START Data to process
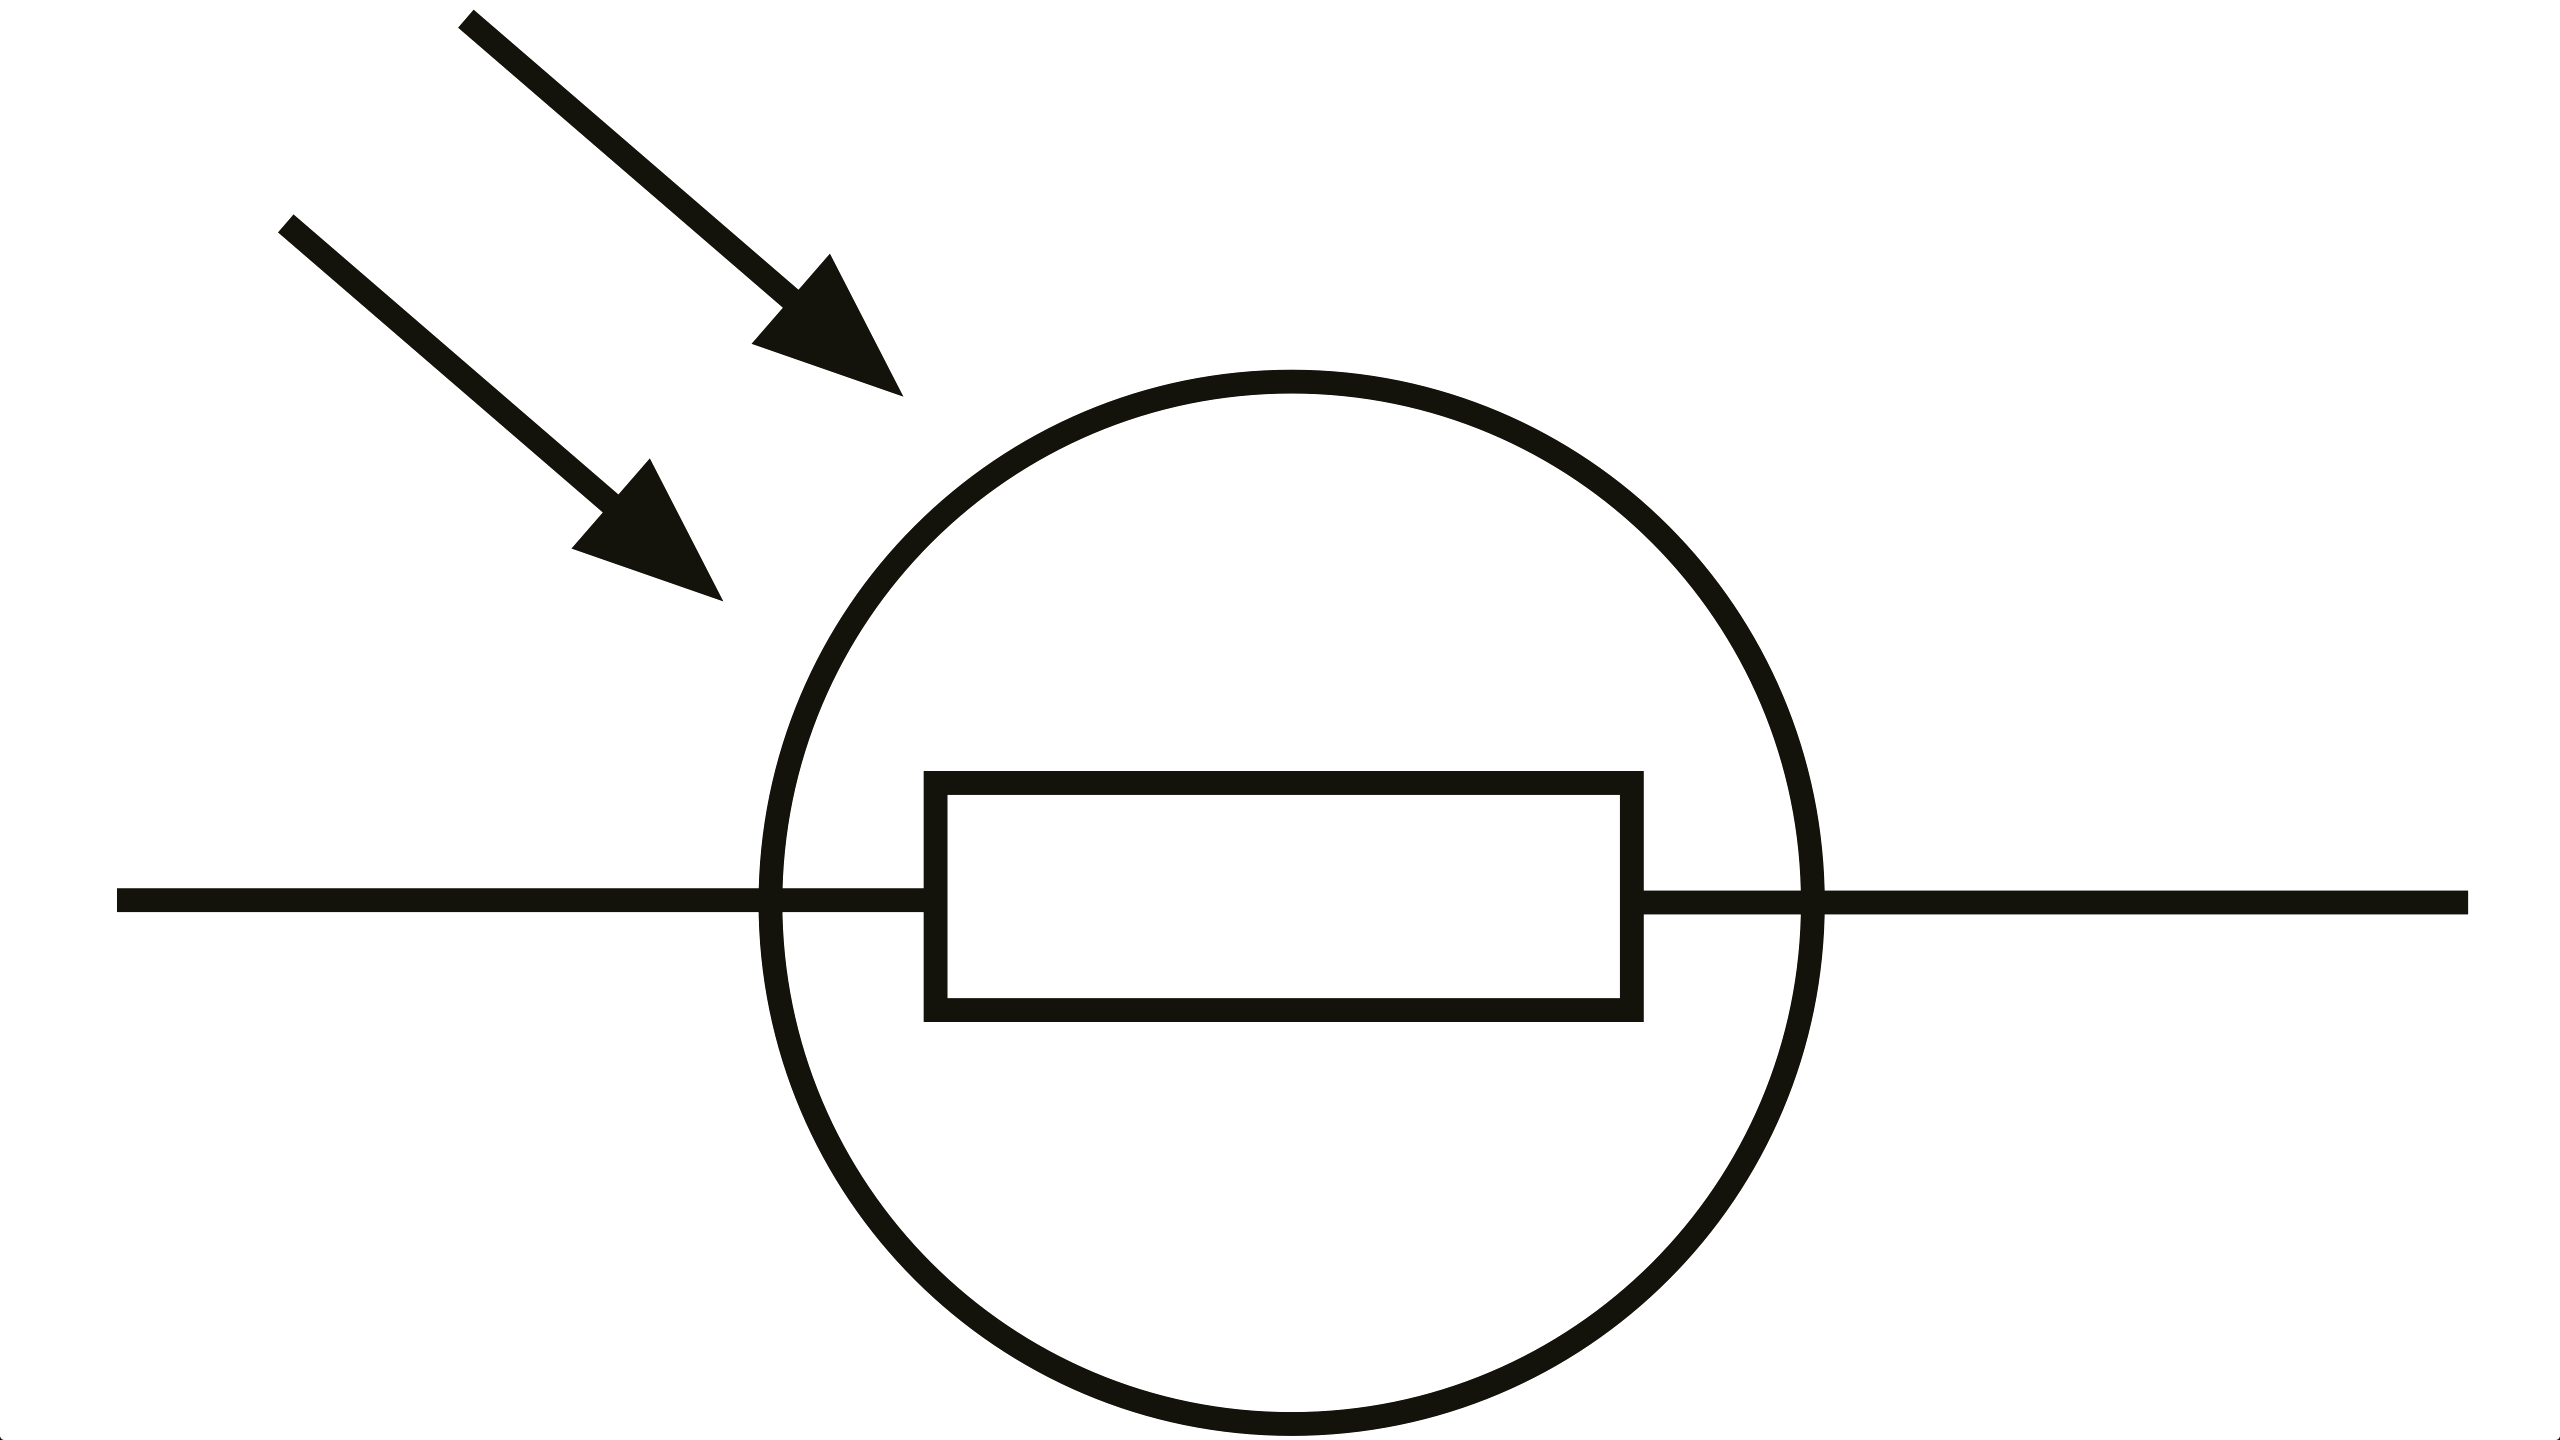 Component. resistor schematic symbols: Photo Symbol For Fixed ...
END Data to process
START Data to process
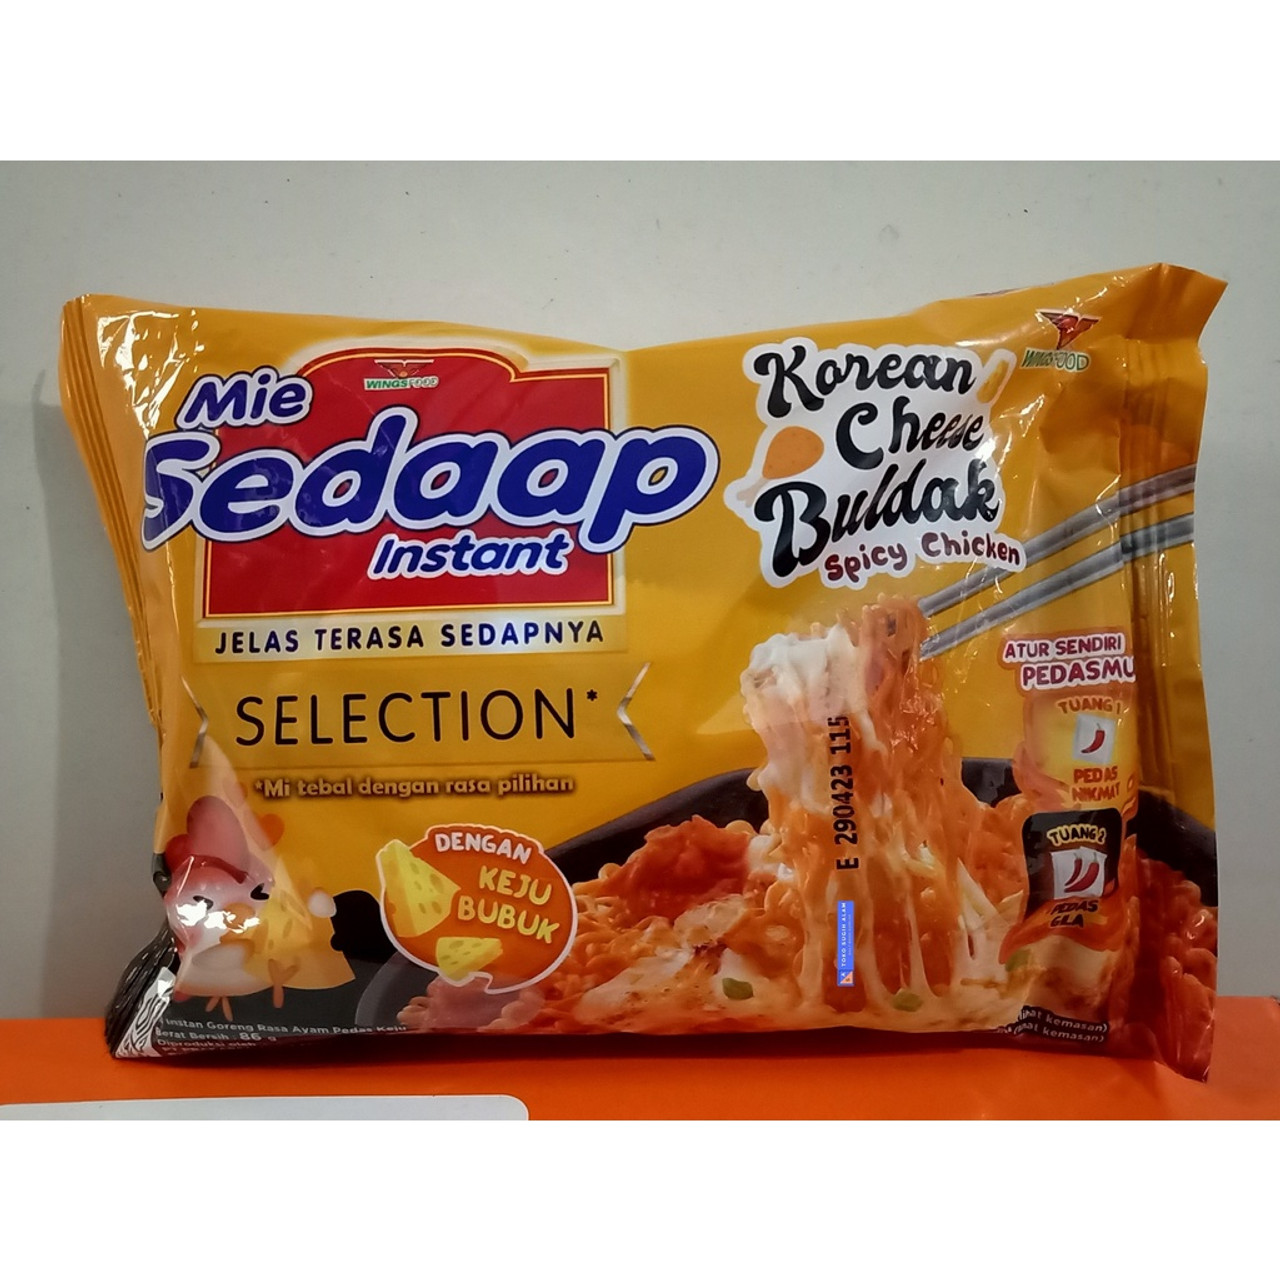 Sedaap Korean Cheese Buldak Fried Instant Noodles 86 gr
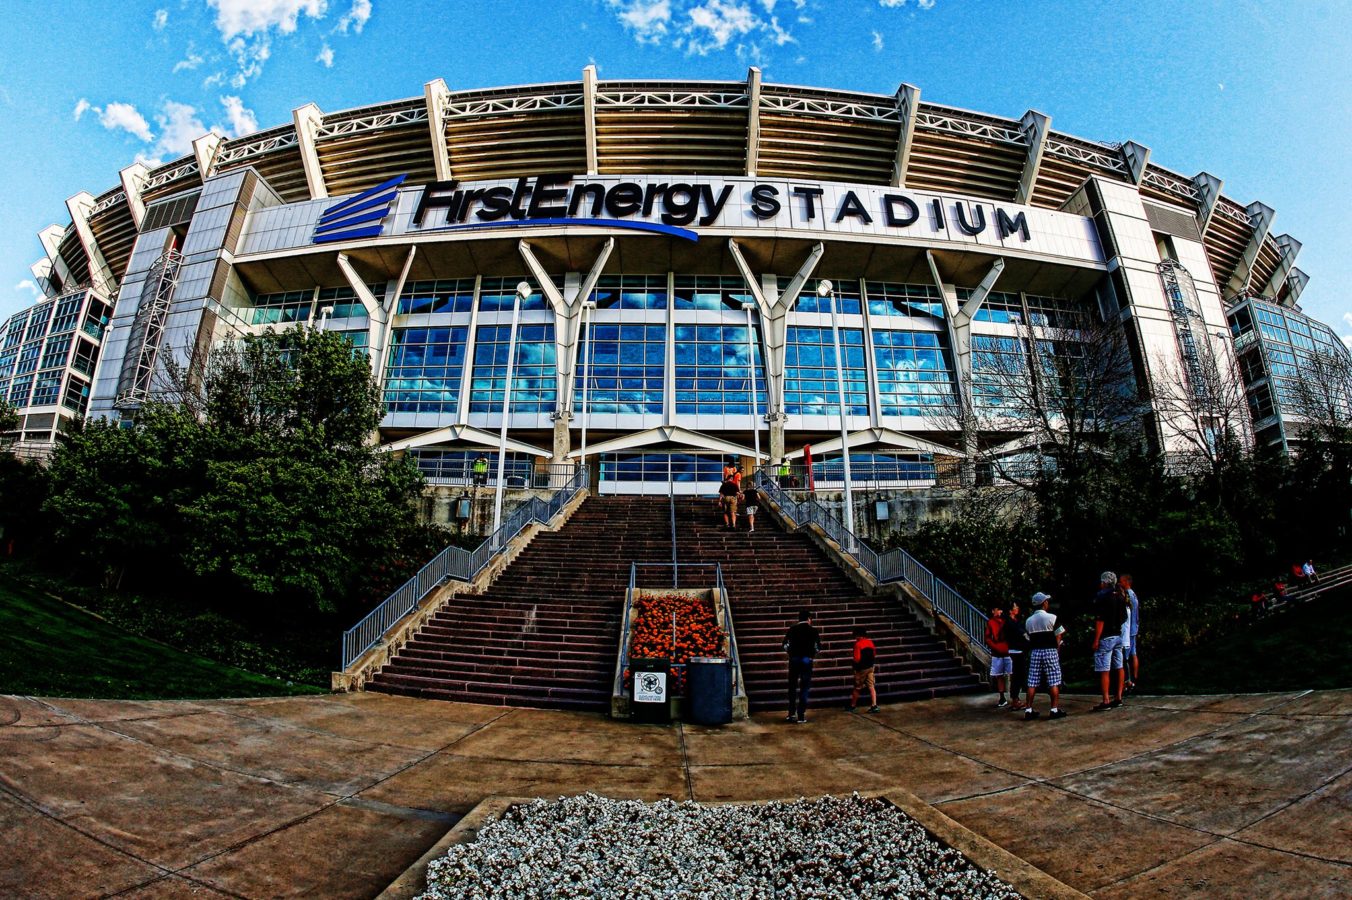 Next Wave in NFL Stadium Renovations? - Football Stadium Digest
END Data to process
§ **Work required**
Restate word for word the lines of the data above that begin at the line with "Sedaap Korean Cheese" and end at the line with "Next Wave in", keeping both ends and dropping every picture.

§ **Output**
 Sedaap Korean Cheese Buldak Fried Instant Noodles 86 gr
 Next Wave in NFL Stadium Renovations? - Football Stadium Digest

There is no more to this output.